When working with ARG variables, you might run into issues where arguments aren’t passed correctly or variables aren’t set as expected. Here are some tips to help you debug:

Check Build Logs: Use docker build with the --progress=plain flag to get more detailed logs that can help identify where arguments are being used or missed.
```
docker build --progress=plain -t debug-image .
```
Echo Variables: Add RUN echo statements to print the values of your ARG variables during the build process.
```
RUN echo "ARG BASE_IMAGE=${BASE_IMAGE}"
```
Use Default Values: Define sensible default values for your ARG variables to ensure that your build doesn’t fail if arguments are not provided.

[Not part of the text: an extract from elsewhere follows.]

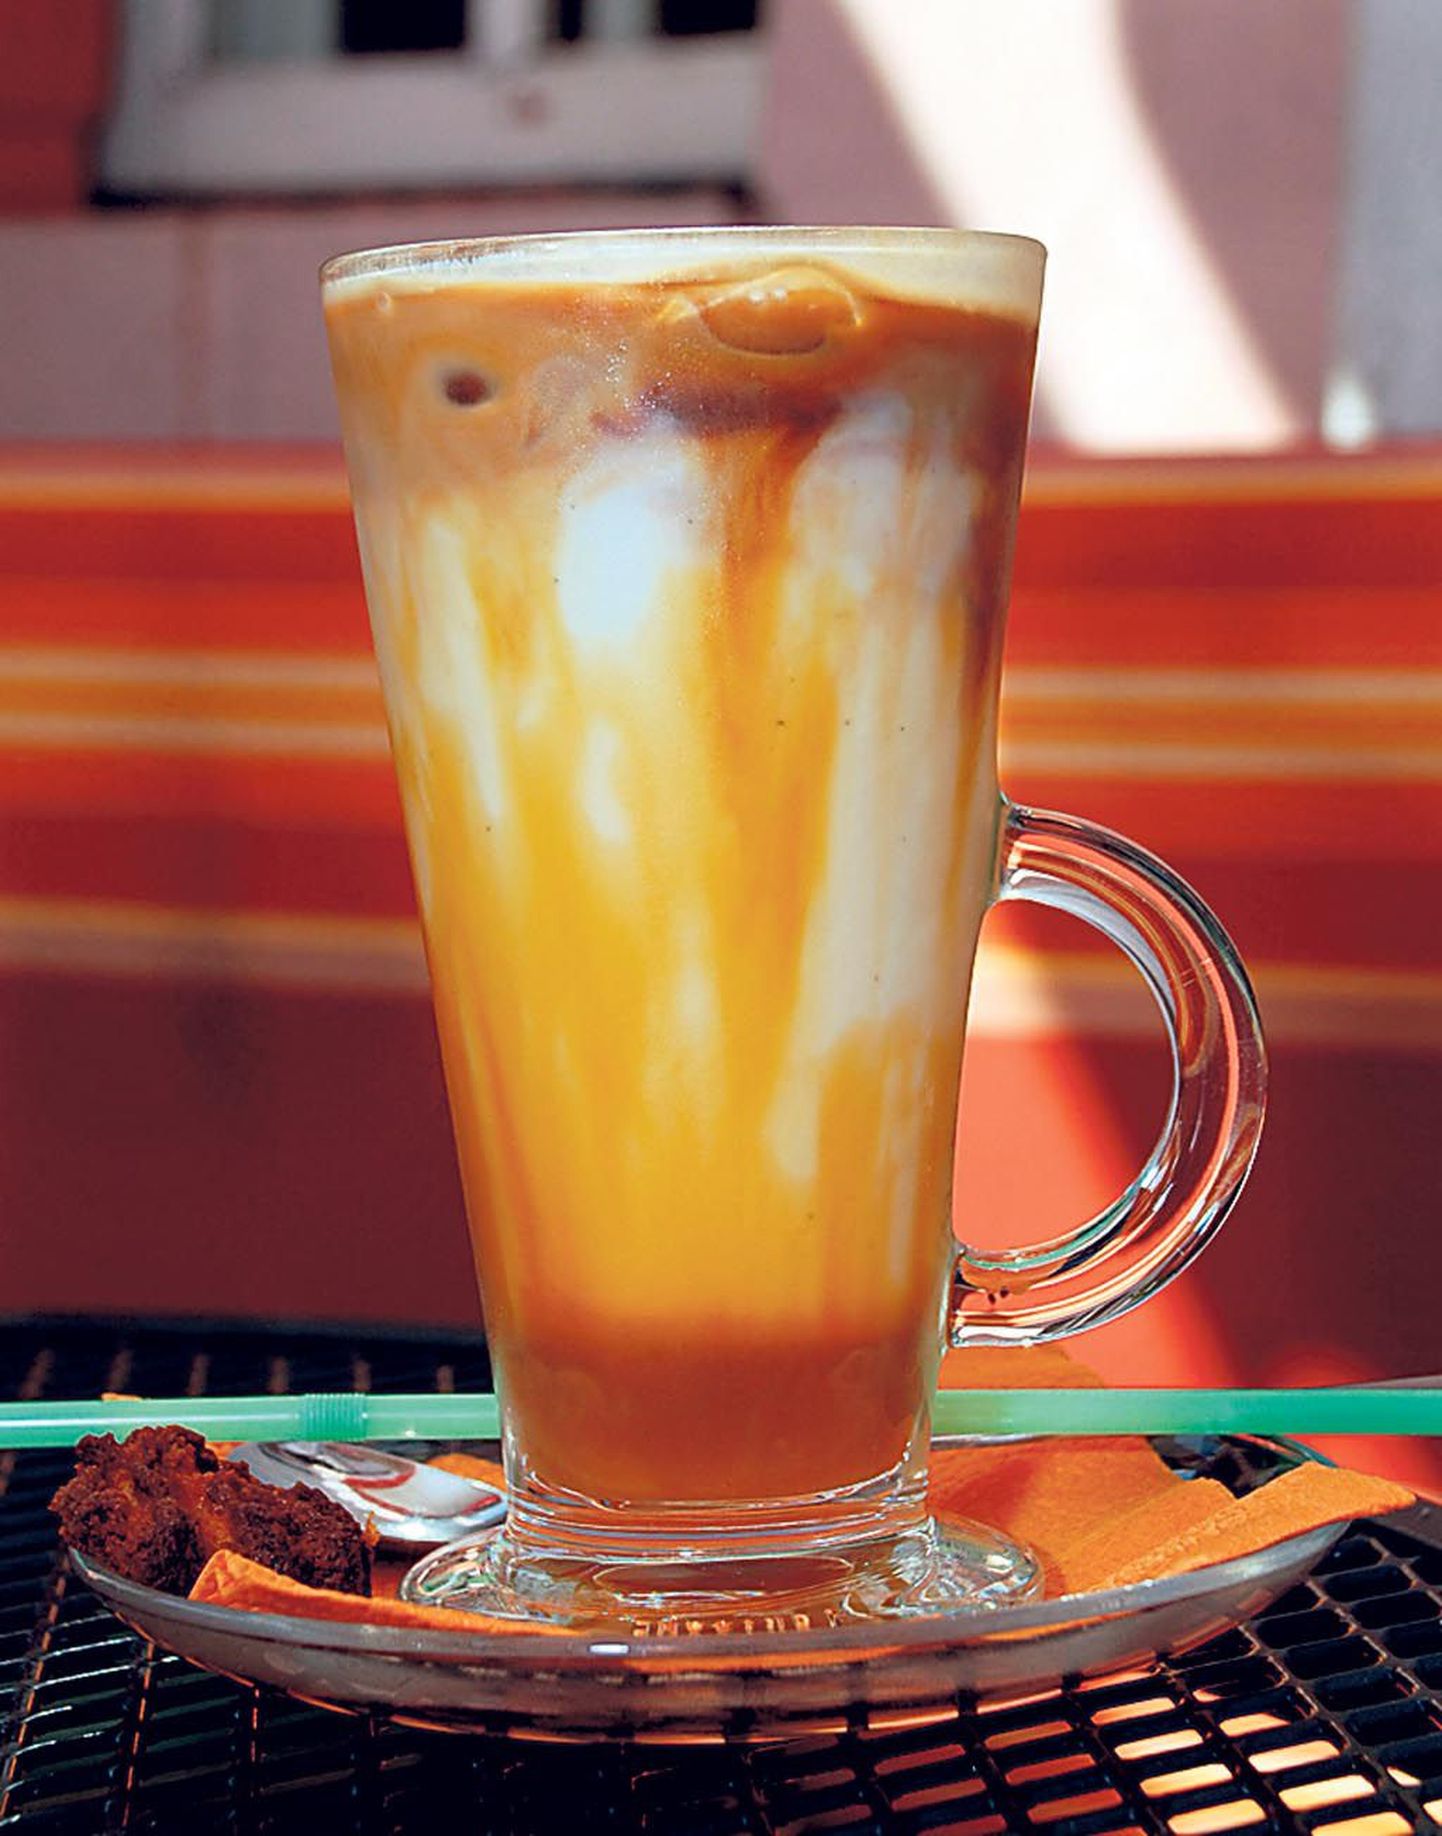 Piccadilly teeb jääkohvi nii: kuus jääkuubikut, kallatakse karamellisiirupiga üle, lisatakse ohtralt külma piima ja sorts kanget kohvi.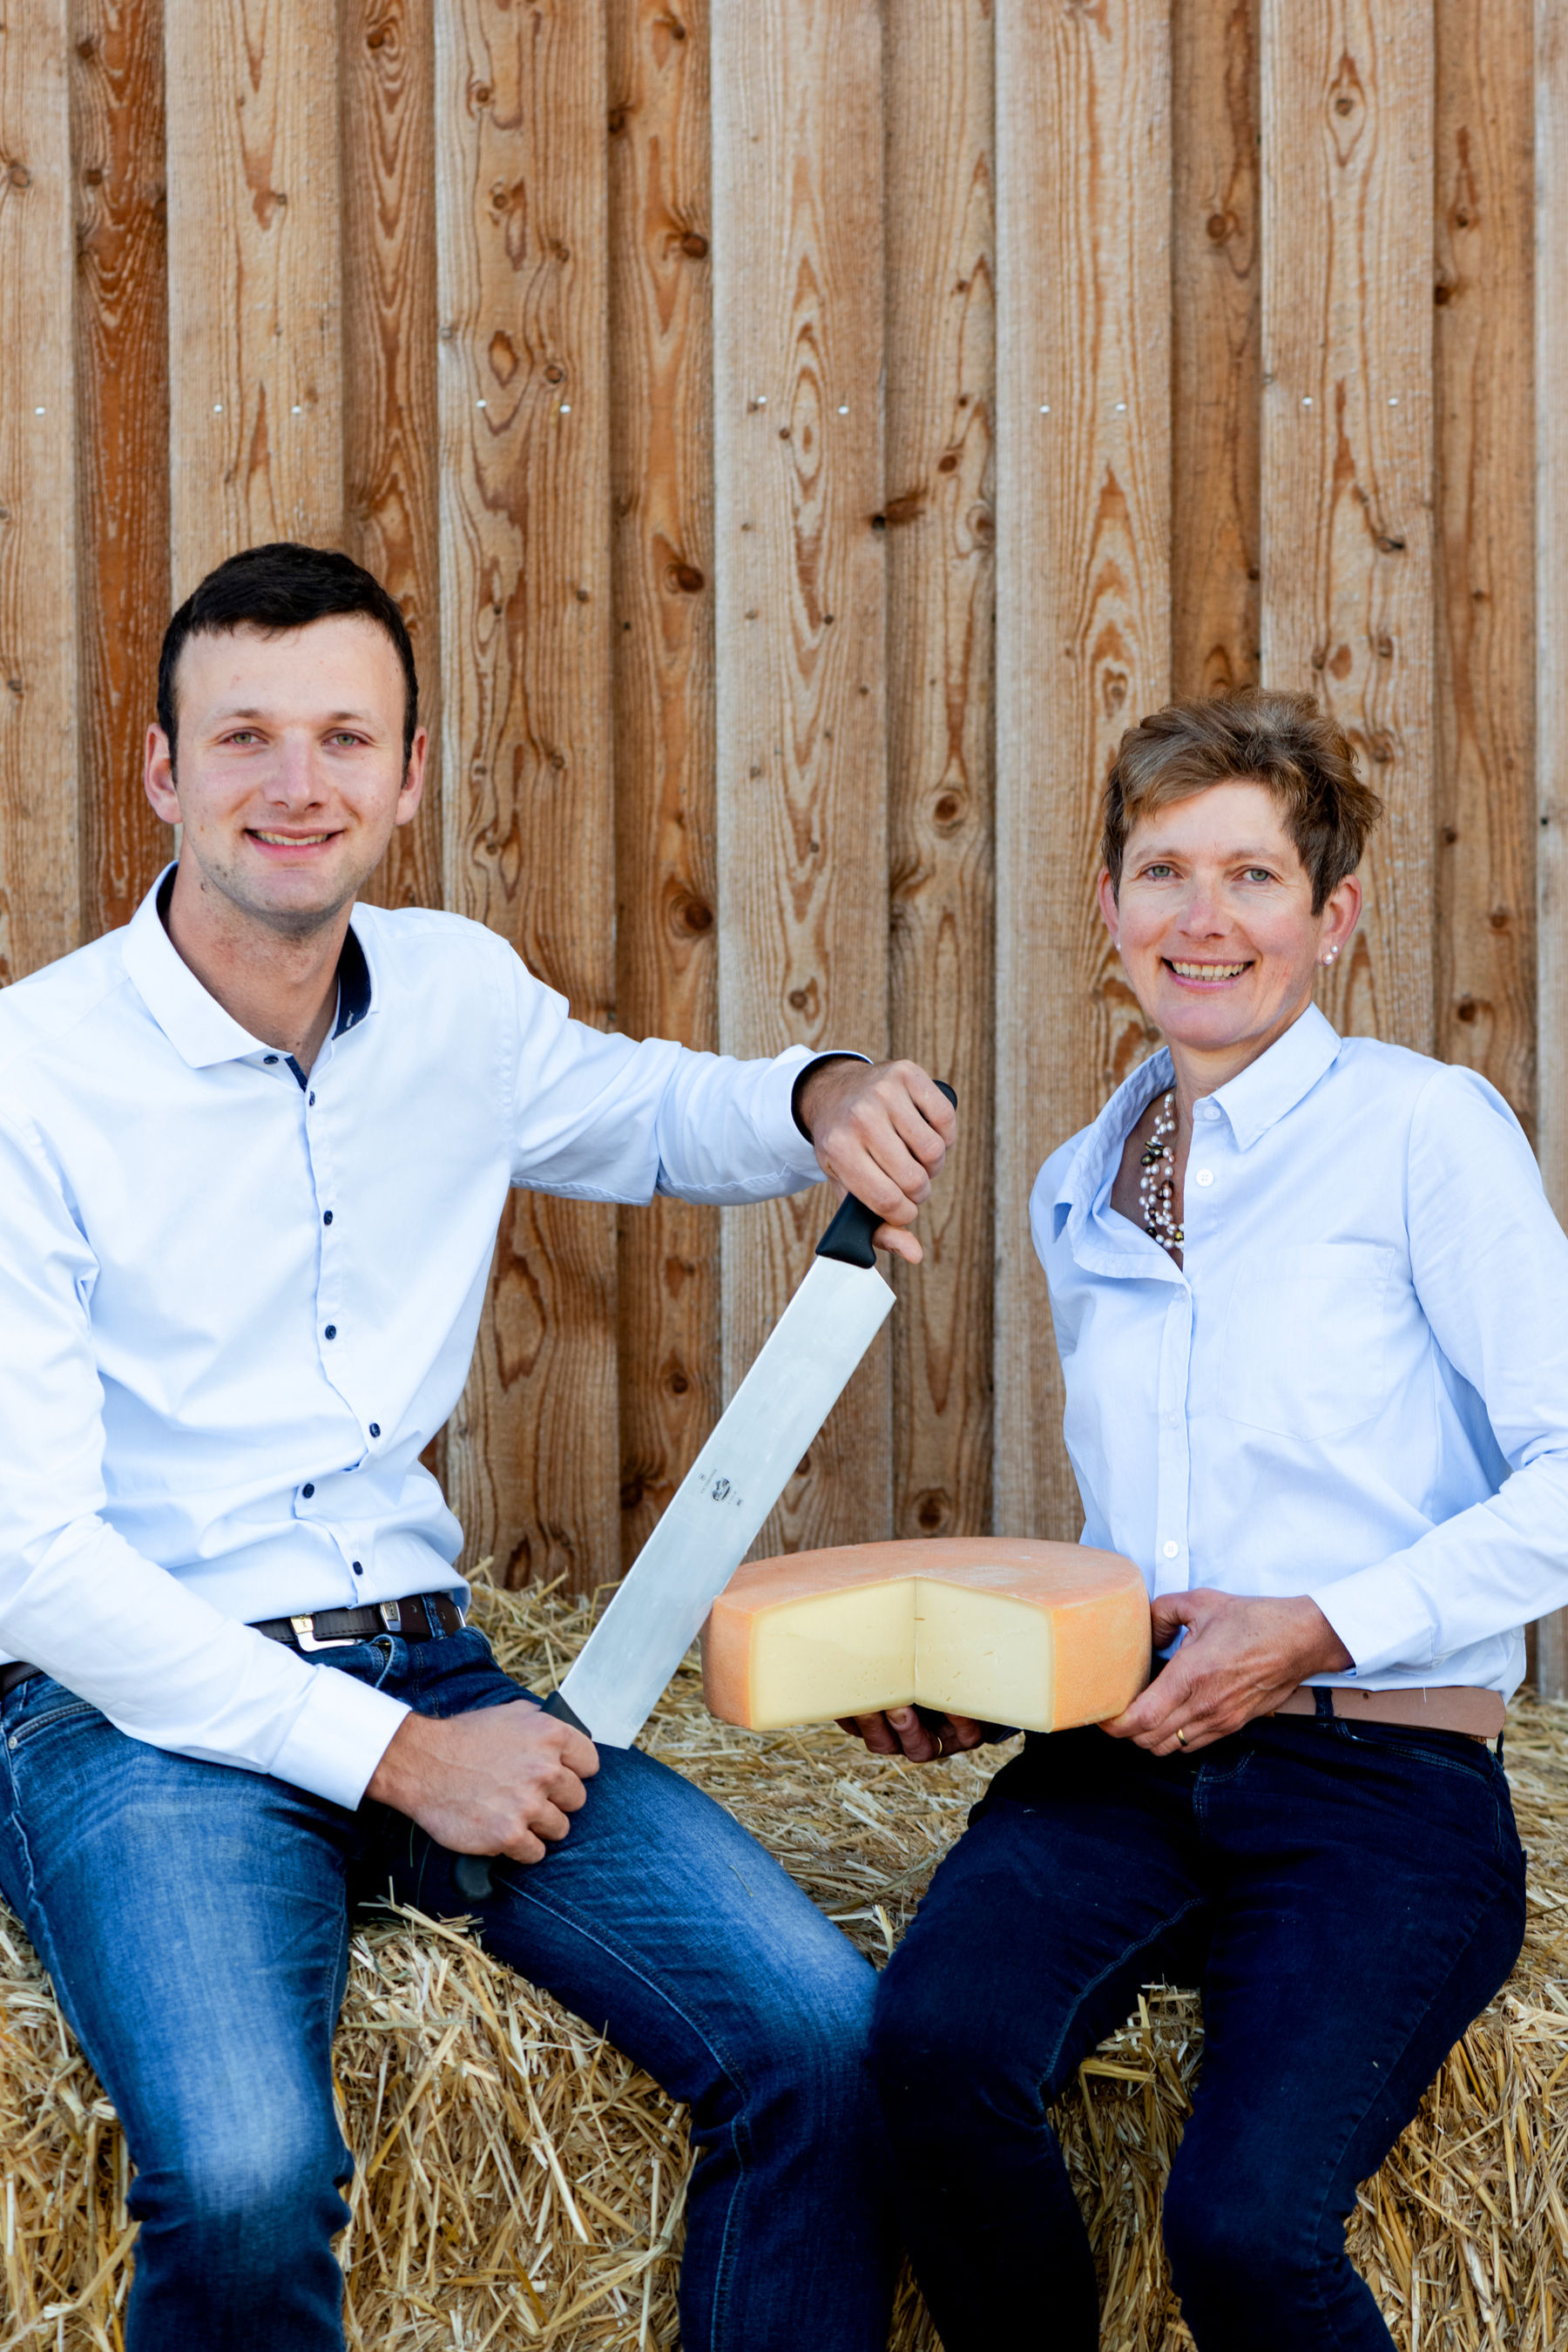 Bäuerliche Unternehmerin 2011 Regina Grabmayr Interview NWK Unsere Milch Martina Siebenhandl b.jpg

Best Practices for Using ARG

Define ARG Variables Early: Place ARG instructions at the top of your Dockerfile to make them accessible in all stages.
Use Descriptive Names: Choose meaningful names for your arguments to make the Dockerfile easier to understand and maintain.
Avoid Secrets in ARG: Never use ARG to pass sensitive data like passwords or API keys, as they can be exposed in the Docker image history.

Conclusion

Using ARG to share variables across stages in a multistage Dockerfile can significantly improve your Docker builds’ maintainability and flexibility. Whether you’re building lightweight production images or dynamically configuring your builds, ARG provides a powerful tool to streamline and enhance your Dockerfile.